Dr YuFeng Meng, having been appointed as a Director by the other Directors on
6 April 2023 and having not previously been elected by Shareholders, will
retire in accordance with the Constitution and, being eligible, seeks election
from Shareholders.

3.2         Qualifications and other material directorships

Dr Meng's career spans over 30 years across the USA, Australia, Hong Kong and
China, where she held various leadership, management and consulting roles in
different sectors including education, aircraft tyre logistics, waste
management, real estate, equity investment, banking and Free Trade Zone
management and marketing. Dr Meng has experience in the public sector, project
management, and finance (particularly in the Build-Operate-Transfer or
Build-Own-Operate-Transfer project financing).  More recently, she organised
numerous government trade delegations to promote bilateral business
co-operation between China and Australia.  Dr Meng holds a PhD in Business
Administration from InterAmerican University and an MBA in Business
Administration from Southern California University.

3.3         Independence

The Board does not consider Dr YuFeng Meng to be an independent director,
because she is a nominee of a substantial shareholder (Beijing Sibo Investment
Management LP (Sibo)).

3.4         Board recommendation

The Board (other than Dr YuFeng Meng who does not make a recommendation in
respect of her own election) SUPPORTS the election of Dr YuFeng Meng and
recommends that Shareholders vote in FAVOUR of Resolution 2.

 

Glossary

AET means Australian Eastern Time, as observed in Sydney, New South Wales.

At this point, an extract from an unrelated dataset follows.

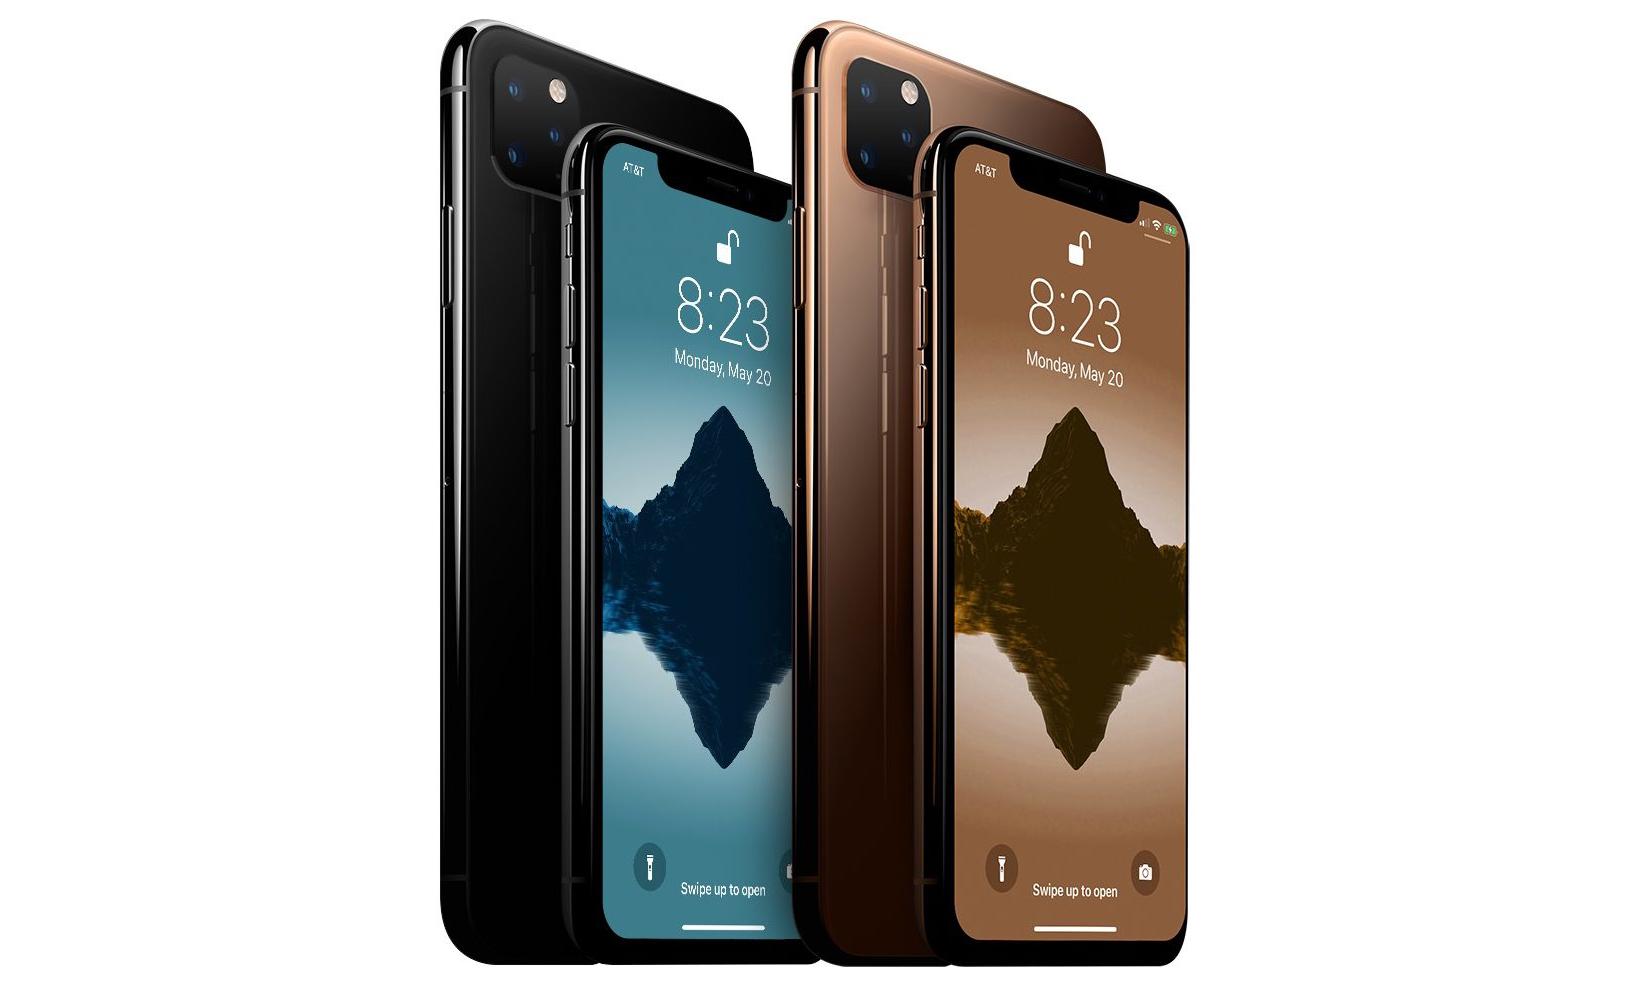 知名分析师郭明錤称 2020 年 iPhone 将配备 ToF 镜头

AIM means the market of that name operated by the London Stock Exchange.

AIM Rules means the AIM Rules for Companies published by the London Stock
Exchange, as amended from time to time.

Annual General Meeting or Meeting means the annual general meeting of the
Company convened by this Notice.

Annual Report means the Directors' Report, the Financial Report and Auditor's
Report in respect to the financial year ended 30 June 2022.

ASIC means the Australian Securities & Investments Commission.

Auditor's Report means the auditor's report on the Financial Report.

Board means the current board of directors of the Company.

Business Day means Monday to Friday inclusive, except New Year's Day, Good
Friday, Easter Monday, Christmas Day, Boxing Day, and any other day that AIM
declares is not a business day.

Chair means the chair of the Meeting.

Company means Star Phoenix Group Ltd (ACN 002 522 009).

Constitution means the constitution of the Company.

Corporations Act means the Corporations Act 2001 (Cth).

DI Holder means a holder of depositary interests representing Shares which are
electronically listed for trading on AIM and issued by Computershare Investor
Services plc which holds legal title to the underlying Shares.

Directors means the current directors of the Company.

Directors' Report means the annual directors' report prepared under Chapter 2M
of the Corporations Act for the Company and its controlled entities.

Explanatory Statement means the explanatory statement accompanying the Notice.

Financial Report means the annual financial report prepared under Chapter 2M
of the Corporations Act for the Company and its controlled entities.

GMT means Greenwich Mean Time.

Key Management Personnel has the same meaning as in the accounting standards
issued by the Australian Accounting Standards Board and means those persons
having authority and responsibility for planning, directing and controlling
the activities of the Company, or if the Company is part of a consolidated
entity, of the consolidated entity, directly or indirectly, including any
director (whether executive or otherwise) of the Company, or if the Company is
part of a consolidated entity, of an entity within the consolidated group.

Notice or Notice of Meeting means this notice of meeting including the
Explanatory Statement and the Proxy Form.

Proxy Form means the proxy form accompanying the Notice.

Resolutions means the resolutions set out in the Notice, or any one of them,
as the context requires.

Section means a section of the Explanatory Statement.

Shareholder means a registered holder of a Share.